TASK> Below are entries; repeat exactly, and nothing else, the lines from the one holding "Adroit Atelier Nikita" through the one holding "Jobs Ohio Network Partner", inclusive. Leave the pictures out.

INPUT FOR THIS TASK>
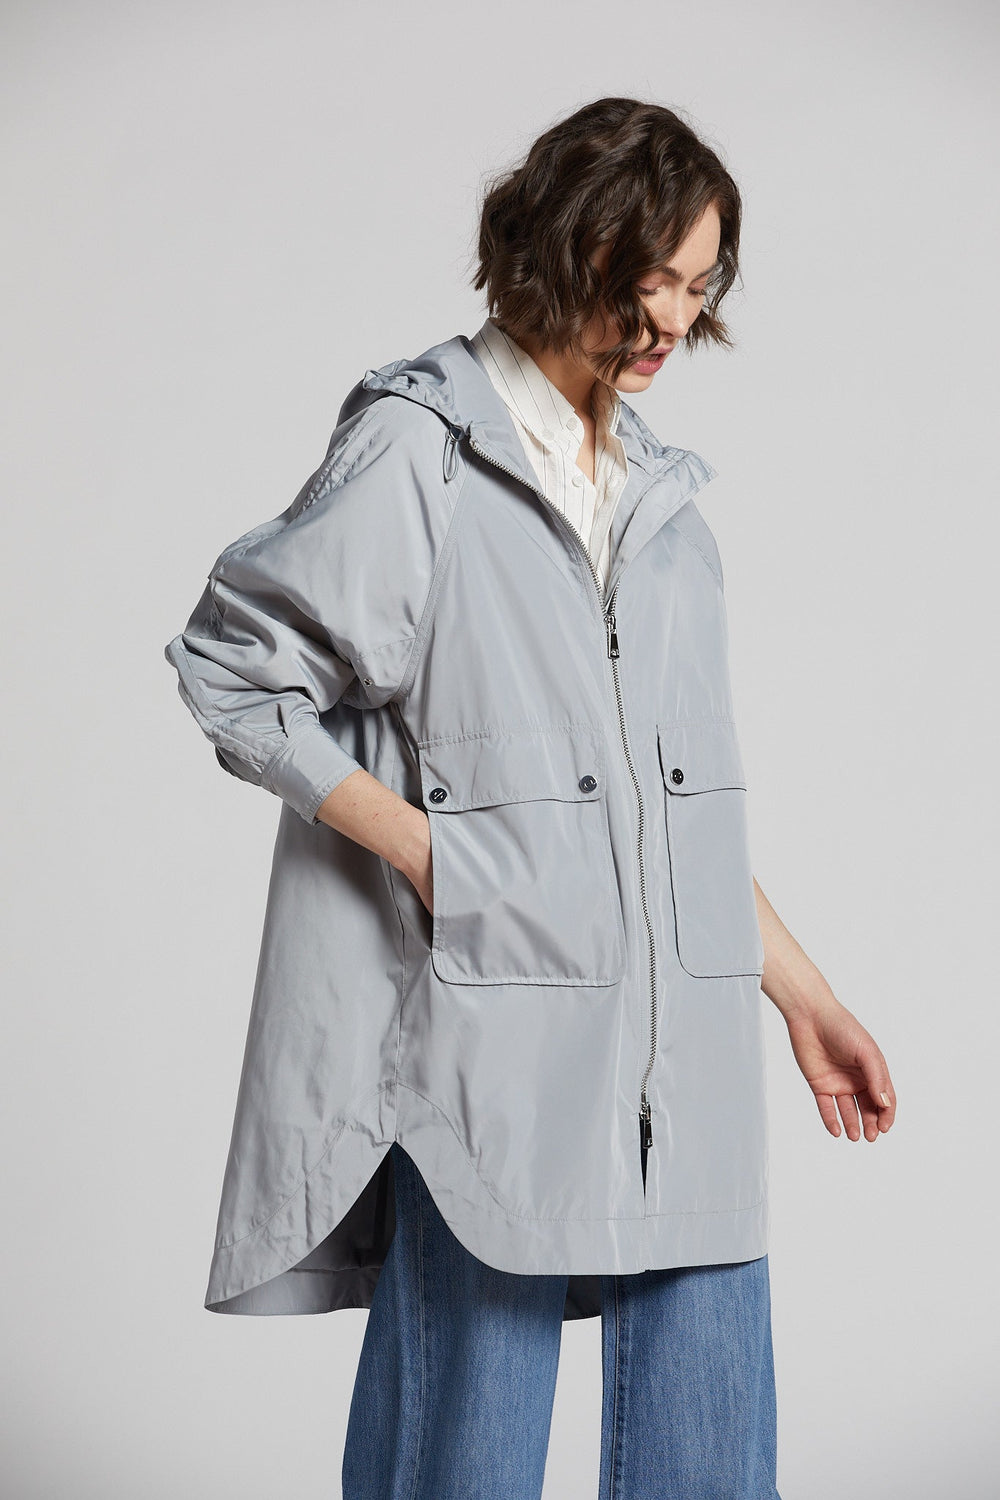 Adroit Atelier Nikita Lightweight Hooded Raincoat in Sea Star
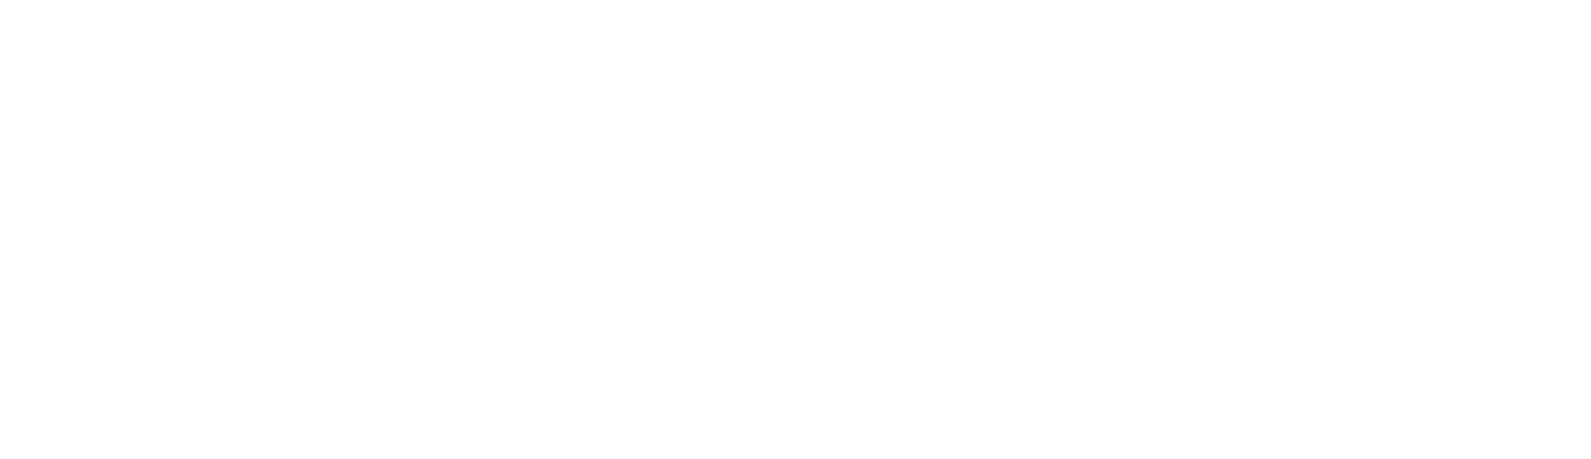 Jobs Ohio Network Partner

* * *

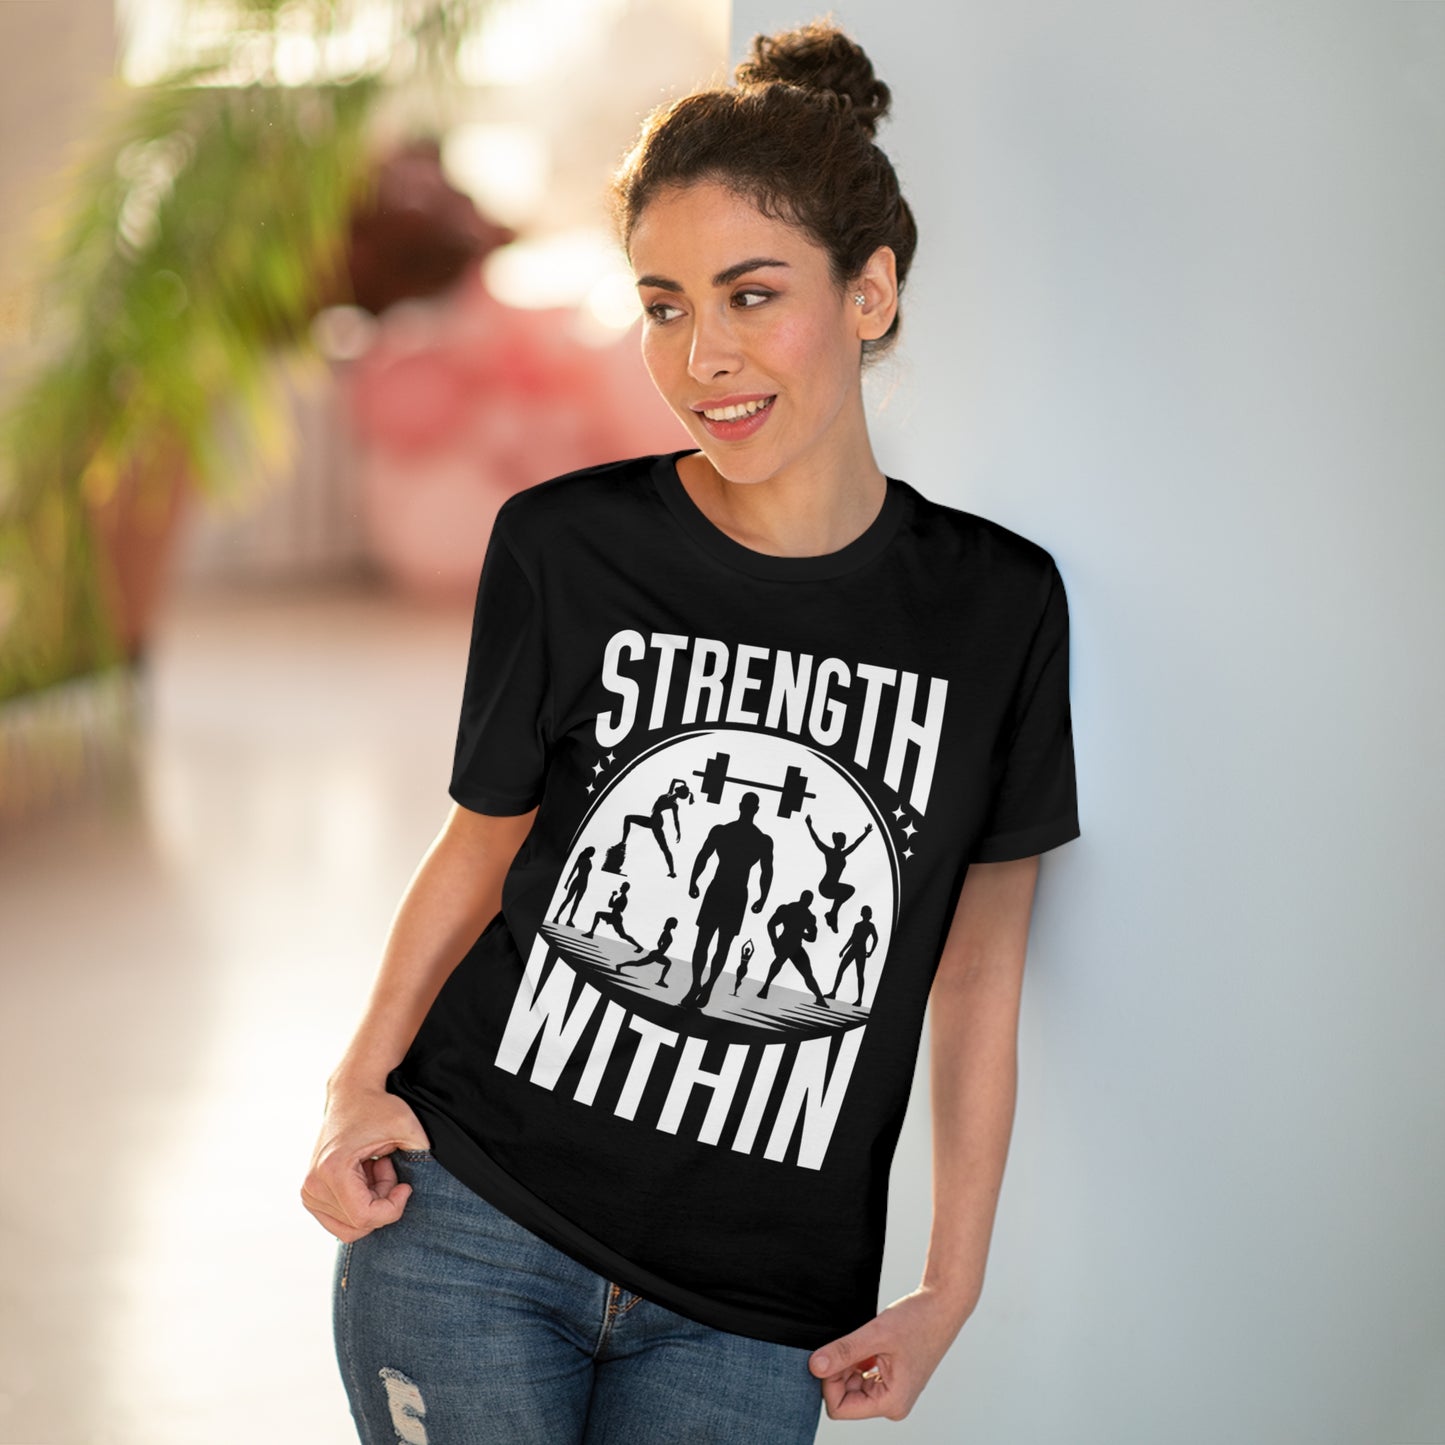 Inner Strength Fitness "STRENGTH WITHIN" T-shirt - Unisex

---

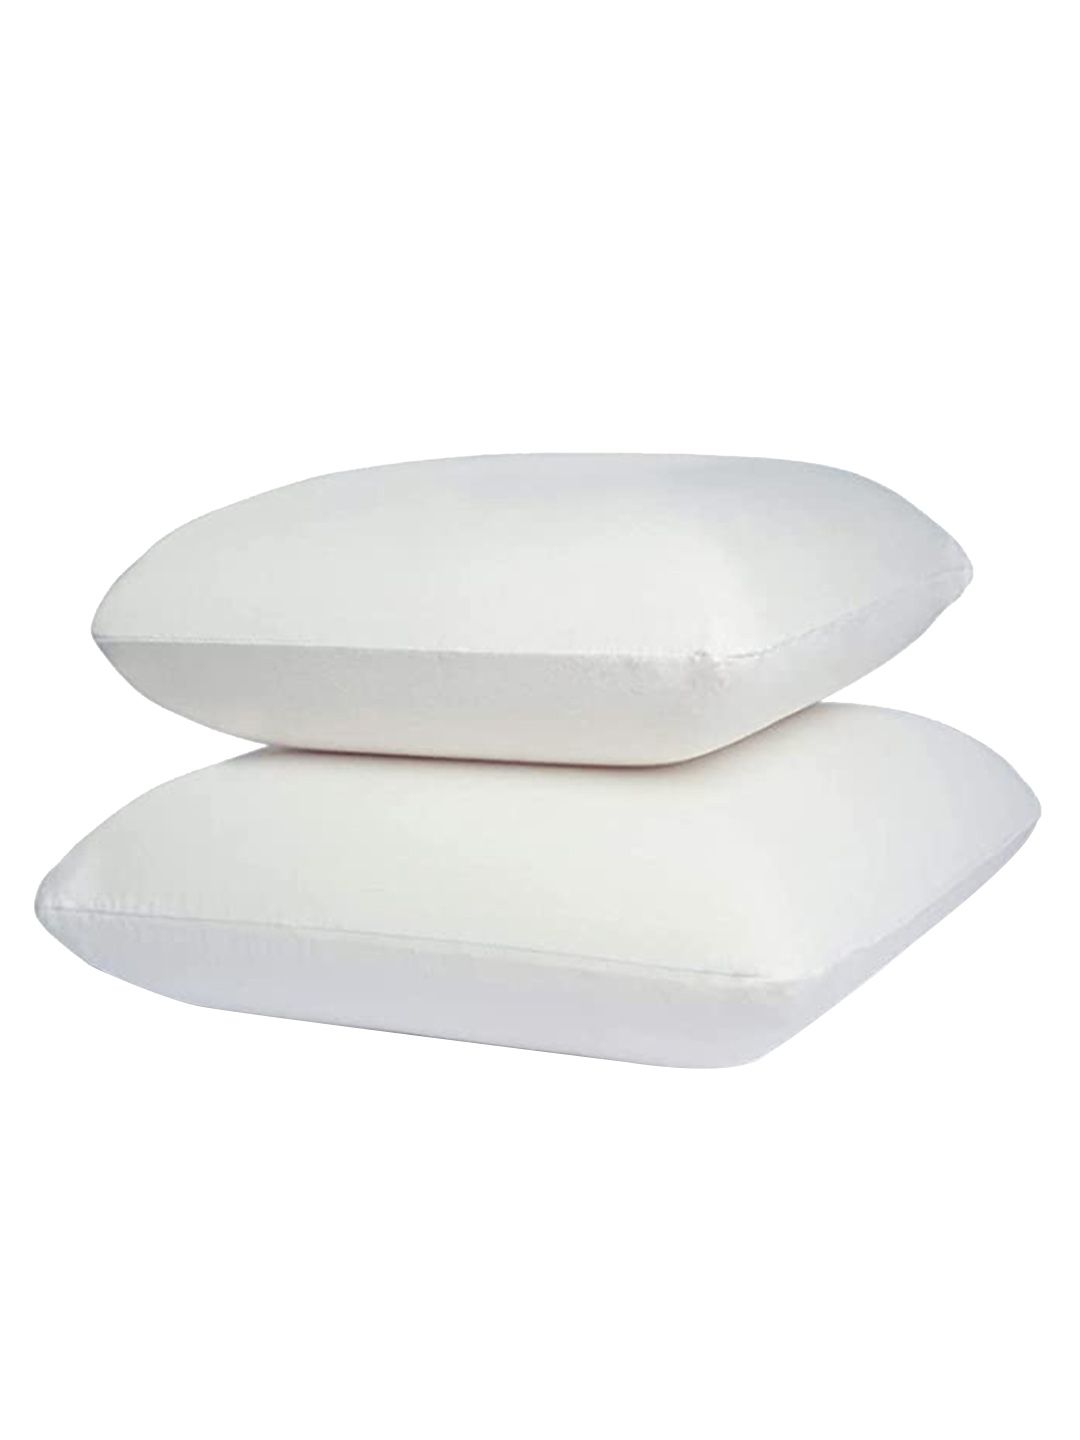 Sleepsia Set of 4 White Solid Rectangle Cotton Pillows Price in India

SOLUTION TO THE EXERCISE>
 Adroit Atelier Nikita Lightweight Hooded Raincoat in Sea Star
 Jobs Ohio Network Partner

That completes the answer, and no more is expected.